Convocation to Welcome First-Year and Transfer Students to Their New Academic Home

The concept of a New-Student Welcome Was Revived in 2015

August 30, 2019
By: Nancy Sheehan

In what is fast becoming a favorite tradition at Worcester State University, Academic Convocation will be held on Tuesday, Sept. 3, with students lining up at 2:20 p.m. at the Wellness Center. Students will leave from there for a 3 p.m. procession through the Tiffany Alumni Gates on Chandler Street. The event serves as a formal, ceremonial welcome to their new academic home.

As the students pass through the wrought-iron gates, which are the symbolic main entrance to the campus, faculty and administrators, dressed in the academic regalia of their alma maters, line both sides of the walkway and applaud as the students pass by. Returning students and staff also join in.

“In addition to the applause, you hear people say things like ‘Thanks for coming’ and ‘So glad you’re here,’” says Noah M. Dion, Ph.D., director for Academic Support Services, who is organizing this year’s event. “You’ve got all these words of encouragement as [students] walk through from faculty, from administrators, all the way up through the president, so it’s been something that really sets them off on a good footing as they start their career here.”

The procession will be followed by a short program in Sullivan Auditorium, which features student, faculty, and staff speakers, as well as an alumna convocation speaker, all of whom will welcome the students to the university. This year’s speakers include the deans of the two schools at WSU, Student Government Association President Maribel Mateo ‘20, alumna Jillian Witkowski ‘16, and Timothy Murphy, Ph.D., assistant professor of Urban Studies at WSU.

In years past, there had been a student welcome event that did not include a procession. It was poorly attended and eventually faded away, according to Linda S. Larrivee, ’76, M.S. ’80, Ph.D., dean of the School of Education, Health, and Natural Sciences. Larrivee went to President Barry M. Maloney with a proposal to revive the concept with a procession and a short speaking program.

“My idea was to have it be very formal so all new students would be more likely to come,” Larrivee says. “There would be a couple of talks but it wouldn’t be hugely long. We don’t want to bore the heck out of them, and because it was formal, all the faculty would be in regalia.”

Maloney didn’t have to think twice about the idea. “Linda at her core is a proud WSU alum,” he says. “She wanted a great new experience for our students. She asked I said ‘terrific.’” Maloney then brought the concept up at a meeting of the WSU Cabinet, a group of about 30 senior campus officials, where it was unanimously approved.

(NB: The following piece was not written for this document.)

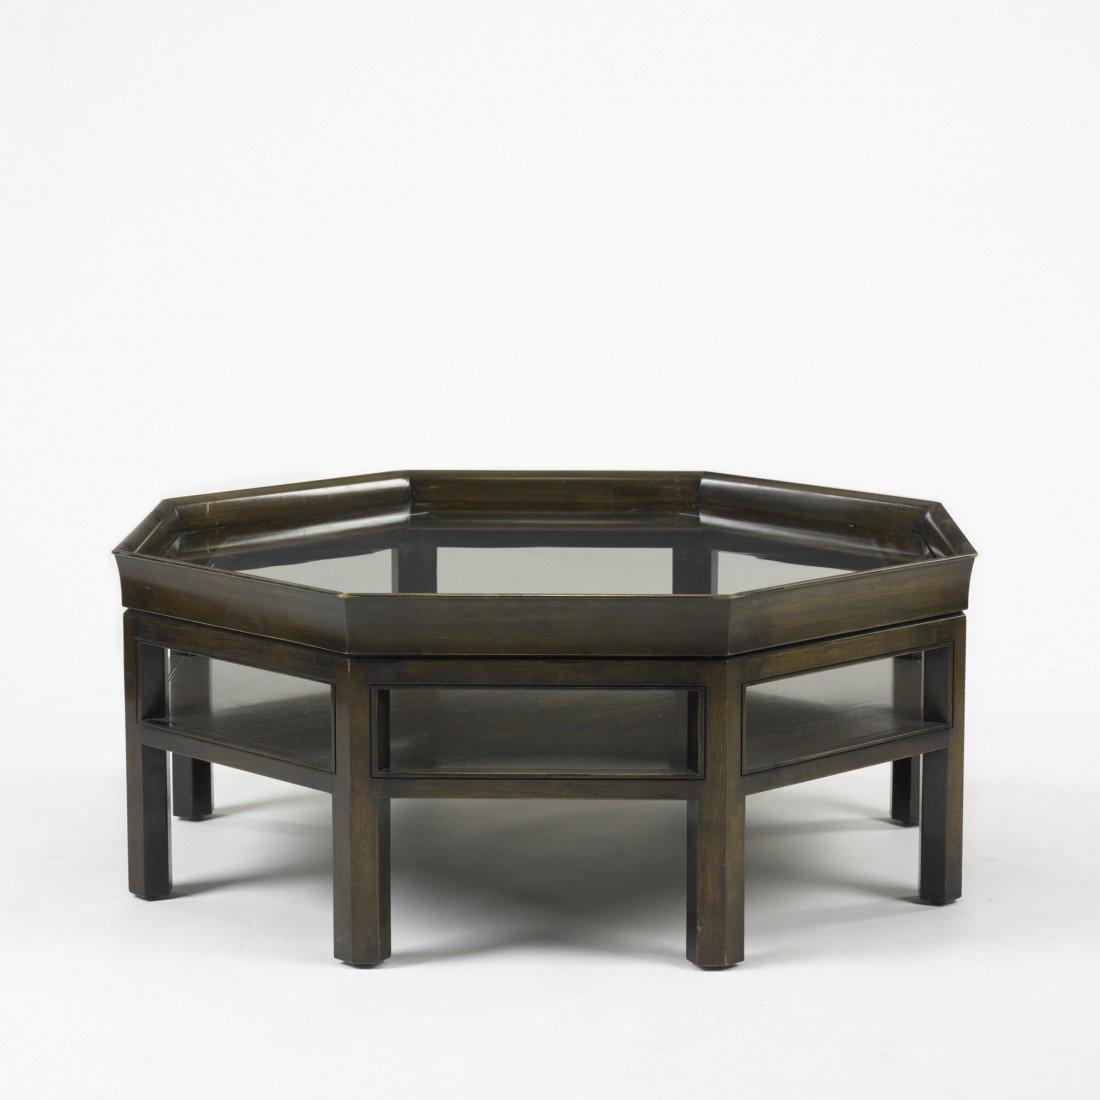 130: Baker coffee table

“The whole idea was I wanted new students to understand that this was their new academic home, and that the focus needed to be on the academics of the institution and how we were there to support them in their new endeavor,” Larrivee says.

Academic Convocation also serves as the first of two bookends to for students’ academic career at Worcester State. The other one is Commencement. “So, they come in and they’re welcomed in formally through the gates with faculty and administrators their regalia on, and at the end of their studies, four years later is Commencement, where we’re in our regalia and applauding them again,” Dion says. “So, it’s a very formal welcome and then a very formal send off.”